A New Band A Day 2008-2018

Welcome to ANBAD, which celebrated ten years online in April 2018, and is now “resting.” (I’m still jabbering on about music on my radio show and discussing new bands like, oh, I dunno, The Chats, on Twitter.)

However, ANBAD also has over 1200 posts featuring about 1500 artists. Most are buried deeeeep in the blog, rarely seen by human eyes. This seemed a bit unfair, so I randomised the posts and the ones you see below are yanked arbitrarily from the archive for you to explore.

As with anything this old on the internet, some music plugins, hyperlinks, images, formatting – and, frankly, the writing itself – is broken. But even I will begrudgingly admit that randomly looking at ten years of once-new bands is a fascinating glimpse into a very specific time capsule.

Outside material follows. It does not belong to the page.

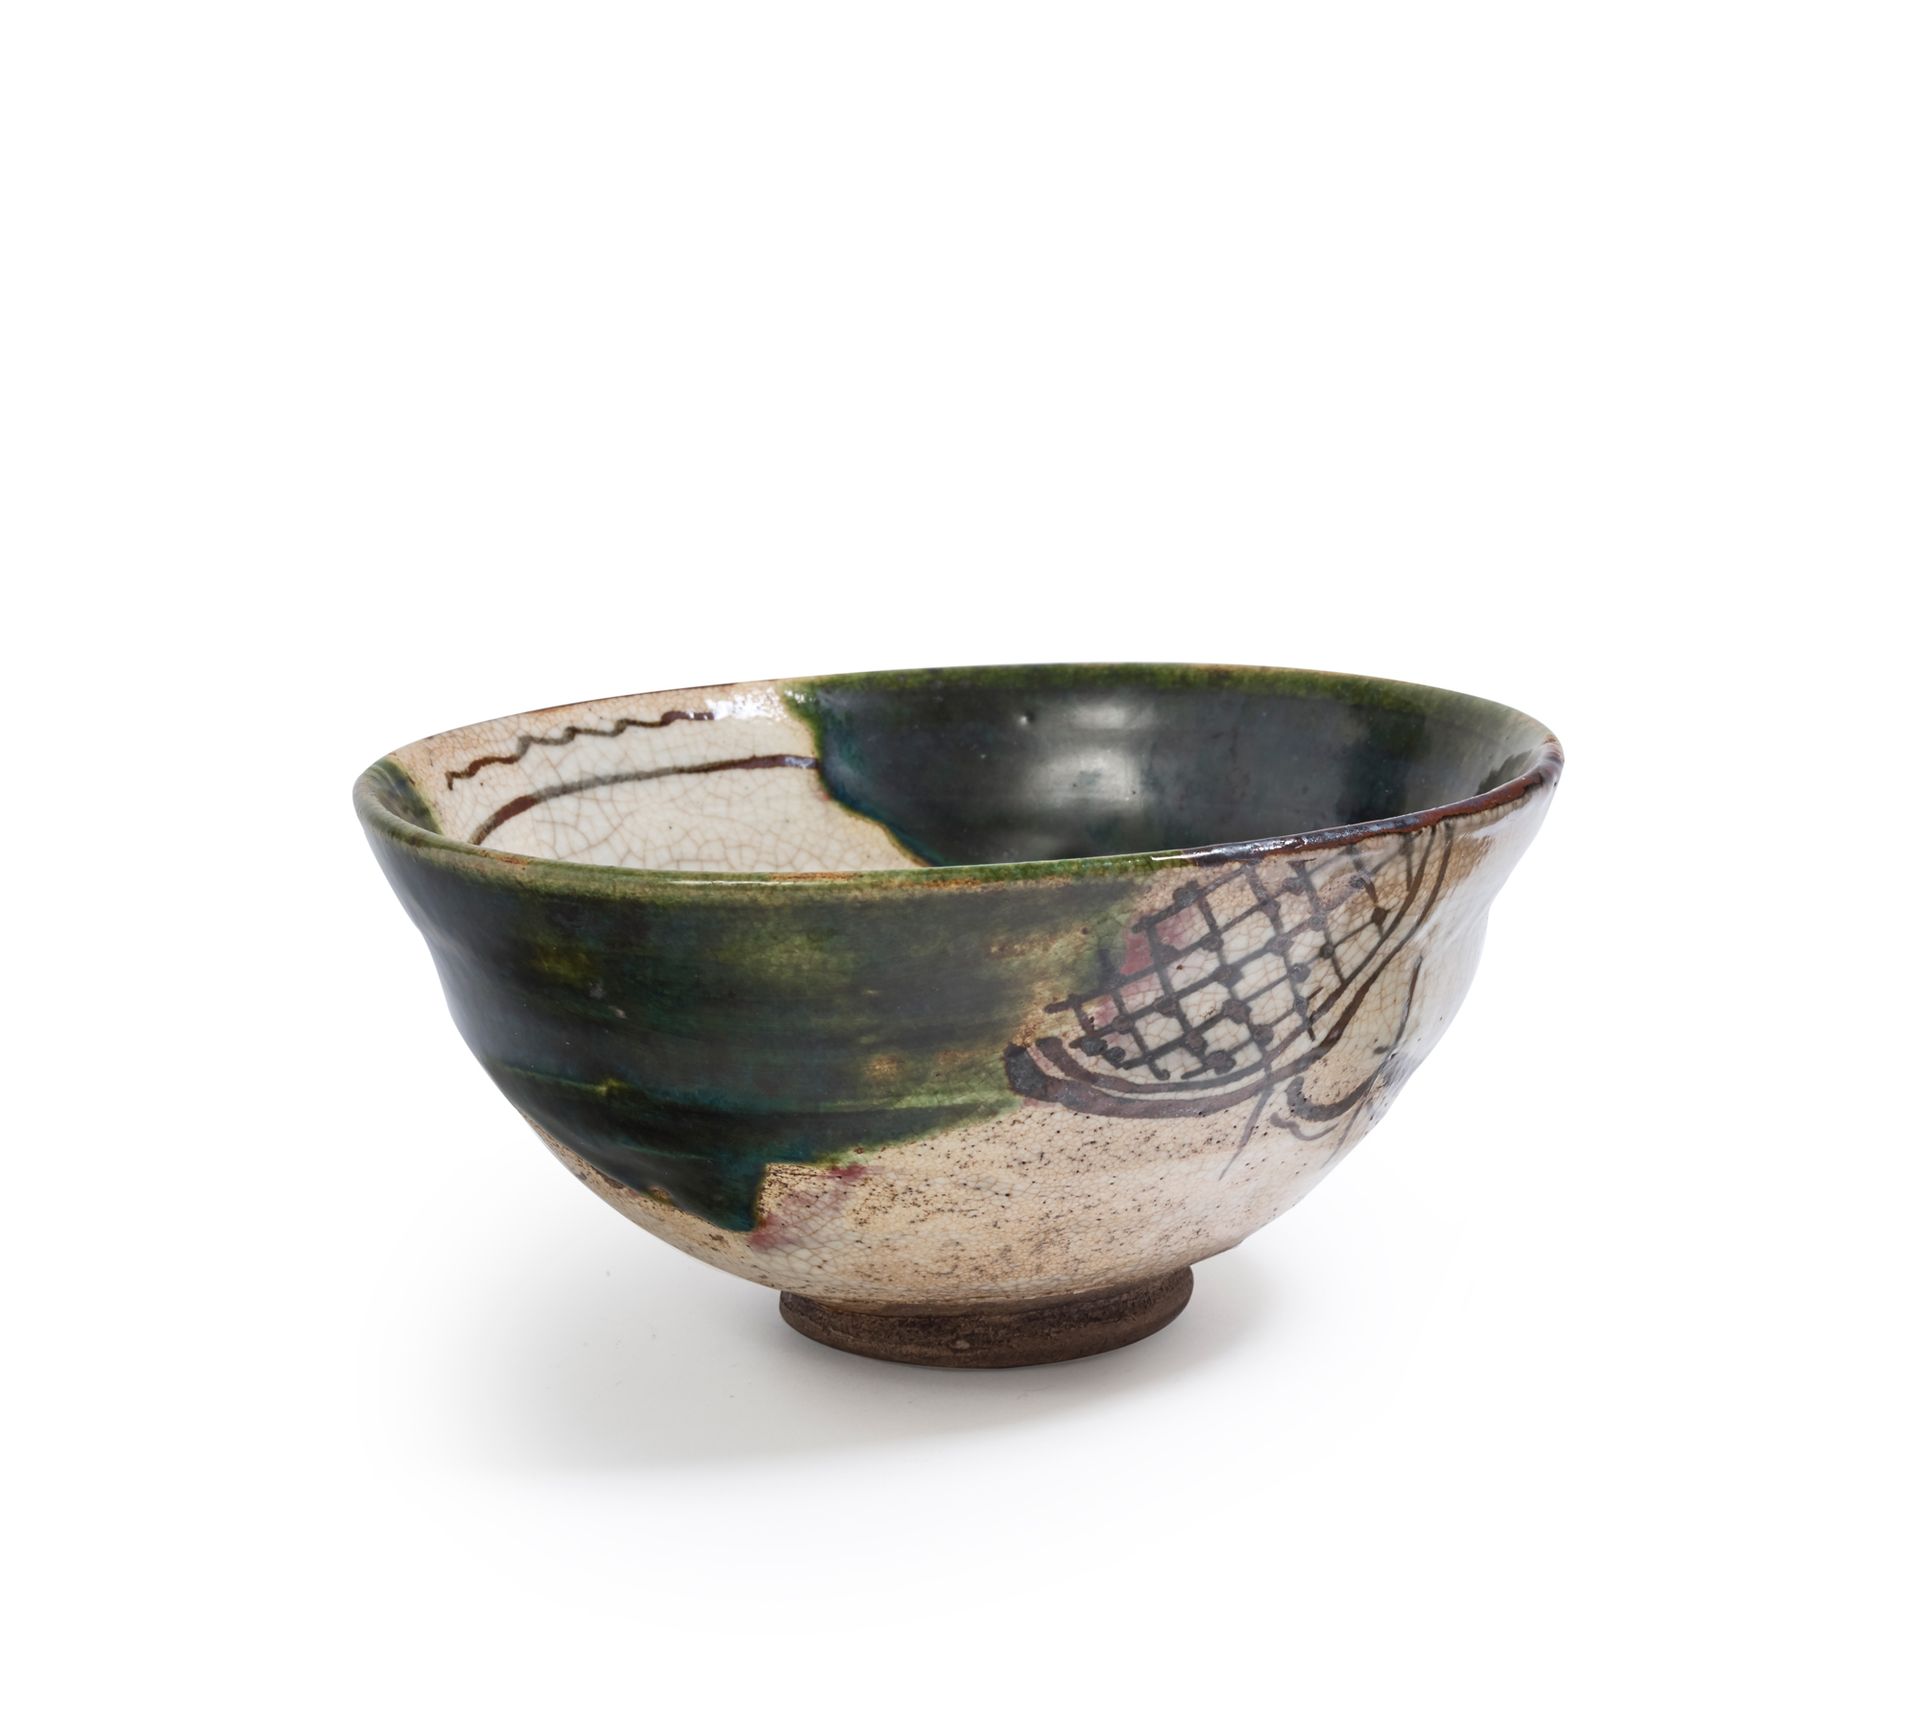 JAPON, Fours d'Oribe - XIXe siècle 
直径13.5厘米的米色和绿色釉陶茶碗，以铁褐色装饰格子和树篱，内部装饰有枫叶和波浪。

I’m as surprised as anyone that this ridiculous and utterly niche music blog has stumbled around online for a decade, surviving all of my attempts to break it, render it defunct, or let it wither on the vine.  So scroll down and read on – and maybe you’ll find some long-forgotten band from 2009 that you’ll love.


Alexander NedElenKo: Techno Librarian

One of life’s agonising truths is that sometimes, only minimal techno will scratch that aural itch inside your brain.

It’s not always minimal techno, of course – sometimes it’s something as inanely amazing as Boomin’ Granny.

But I find that, more often than not, it’s the strictly repetitive delirium of minimal techno that seems to reorder a chaotic mind into something more organised and happy, a bit like a librarian re-ordering shelves full of Tintin books, albeit whilst ferociously trampling over the ‘silence’ rule.

Thus, Alexander NedElenKo’s music is part new band, part brain-salve, part four-to-the-floor thumper.

The beautiful thing about music found within the minimal genre is that songs are allowed to build slowly, obtusely, and weirdly; all whilst giving sounds time and space to breathe and develop.

If nothing else, songs like Alexander NedElenKo’s Old Tree Play This is shooting roughshod against the grain: how often today can a band or a song release music that intrinsically begs for time, thoughtfulness and investment into the overall sonic experience?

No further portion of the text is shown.